Case Presentation: A 58-year-old female with hypertension and end stage renal disease (ESRD) on hemodialysis was admitted with subacute dyspnea accompanied by abdominal pain and swelling. During a previous admission for similar symptoms three months prior, CT of the abdomen and pelvis revealed ascites and an adnexal mass measuring 8.6×5.2 cm. She was treated for hypertensive emergency and pulmonary edema and discharged with a referral to gynecological oncology. Due to concern for Meigs syndrome, she underwent paracentesis with removal of 1750 ml of ascitic fluid. Cytology was negative for malignant cells and no other studies were sent. She subsequently underwent robotic assisted hysterectomy and bilateral salpingectomy five weeks prior to the current hospitalization. Surgical pathology demonstrated a serous cystadenoma, leading to a final diagnosis of pseudo-Meigs syndrome. Following surgery, she gradually noted swelling of her abdomen and legs despite regular hemodialysis, prompting the current admission. Initial work-up demonstrated coarsened hepatic parenchymal echogenicity on ultrasound, resolved hepatitis B infection, and otherwise unremarkable infectious, autoimmune, and inflammatory studies. Diagnostic paracentesis revealed a total neutrophil count of 10 cells/microliter, with fluid protein of 4.0 g/dL, fluid albumin of 2.0 g/dL, and serum albumin of 3.4 g/dL, yielding a serum ascites albumin gradient (SAAG) of 1.4. Echocardiography demonstrated a normal left ventricular ejection fraction of 65% with grade III left ventricular diastolic dysfunction. The patient was diagnosed with acute on chronic heart failure with preserved ejection fraction complicated by cardiac ascites. She was initiated on sacubitril-valsartan with plans to begin sodium-glucose-cotransporter-2 therapy in the outpatient setting.
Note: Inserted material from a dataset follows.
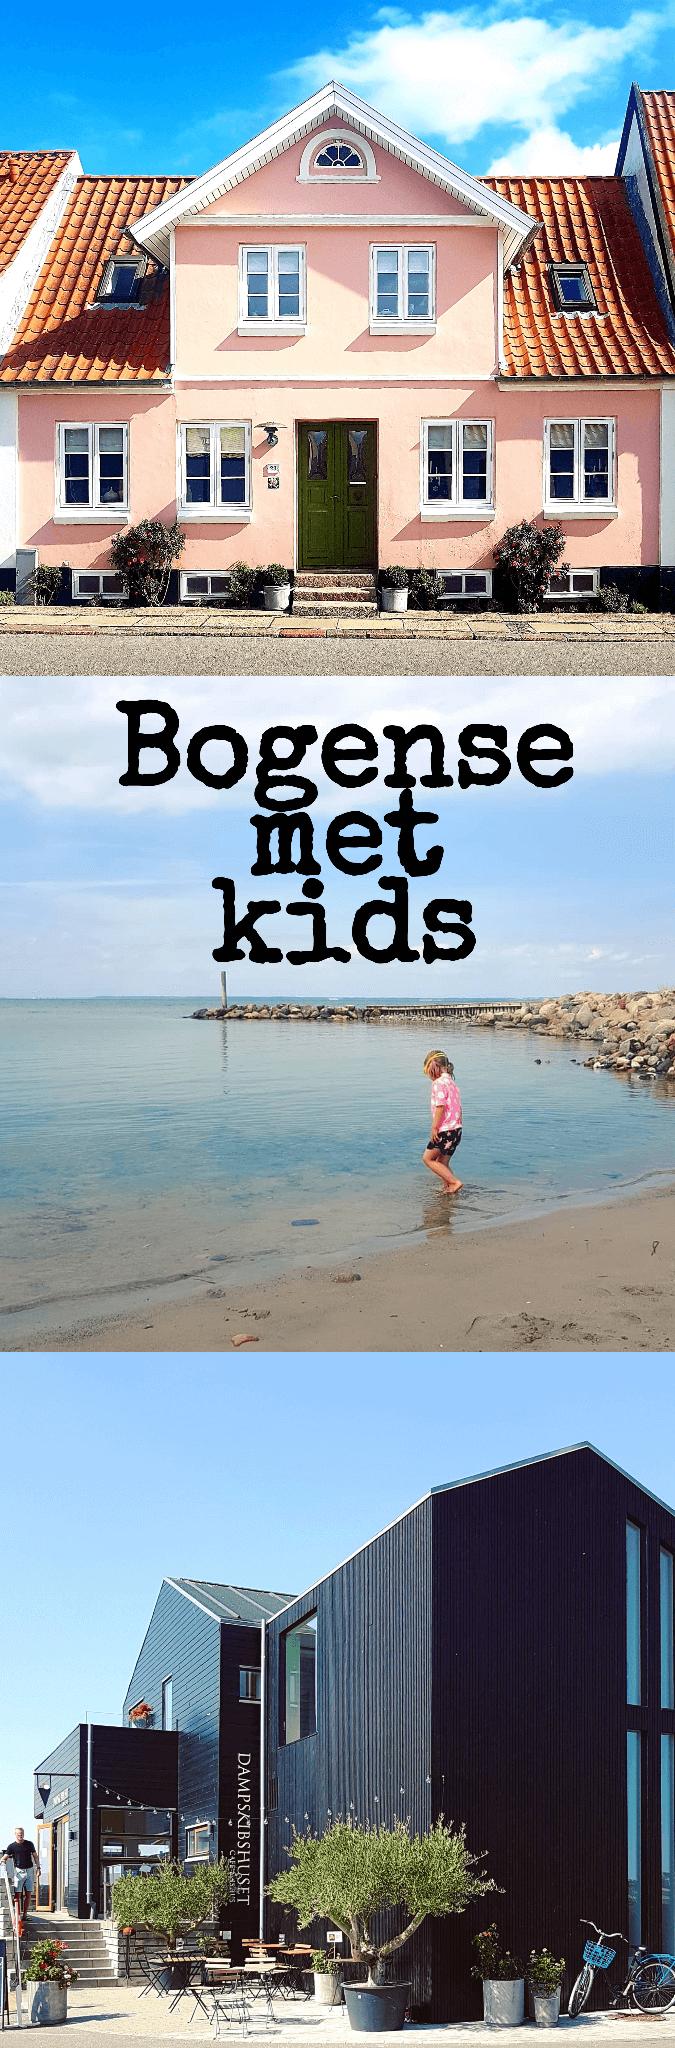 Vakantie met kids: sprookjesachtig Funen in Denemarken - Bogense strand en stadje #leukmetkids #Funen #Denemarken #kinderen

Discussion: Meigs syndrome is the triad of pleural effusion, ascites, and ovarian fibroma. The phenomenon can also occur with other types of benign ovarian tumors, in which case it is labeled as pseudo-Meigs syndrome. The pleural effusion and ascites in both syndromes resolve quickly following resection of the tumor. This case illustrates the challenge of anchoring bias. Anchoring bias refers to the practice of prioritizing information and data supporting the physician’s first impression (1). The SAAG in Meigs syndrome is typically less than 1.1, so a complete diagnostic workup for ascites – rather than the targeted work-up for a relatively rare diagnosis pursued in this case – could have significantly decreased the time to a correct diagnosis and saved the patient unnecessary surgery and hospitalizations. Even after she was admitted to a general medicine service, the prior diagnosis of pseudo-Meigs syndrome contributed to initial anchoring by the primary team and led to delays in the diagnosis and treatment of cardiac ascites despite this being the second most common cause of ascites in patients on maintenance hemodialysis (2). Clinicians who are aware of cognitive biases like anchoring can work to mitigate their effect. Techniques include questioning initial impressions, actively considering other diagnoses, and seeking data to refute the initial diagnosis.
Conclusions: Anchoring bias can affect the diagnostic workup of conditions and preclude accurate diagnosis, timely treatment, and cost-prudent patient care. Clinical contexts predisposing physicians to anchoring bias are impossible to avoid. However, being aware of cognitive biases is the first step in mitigating them.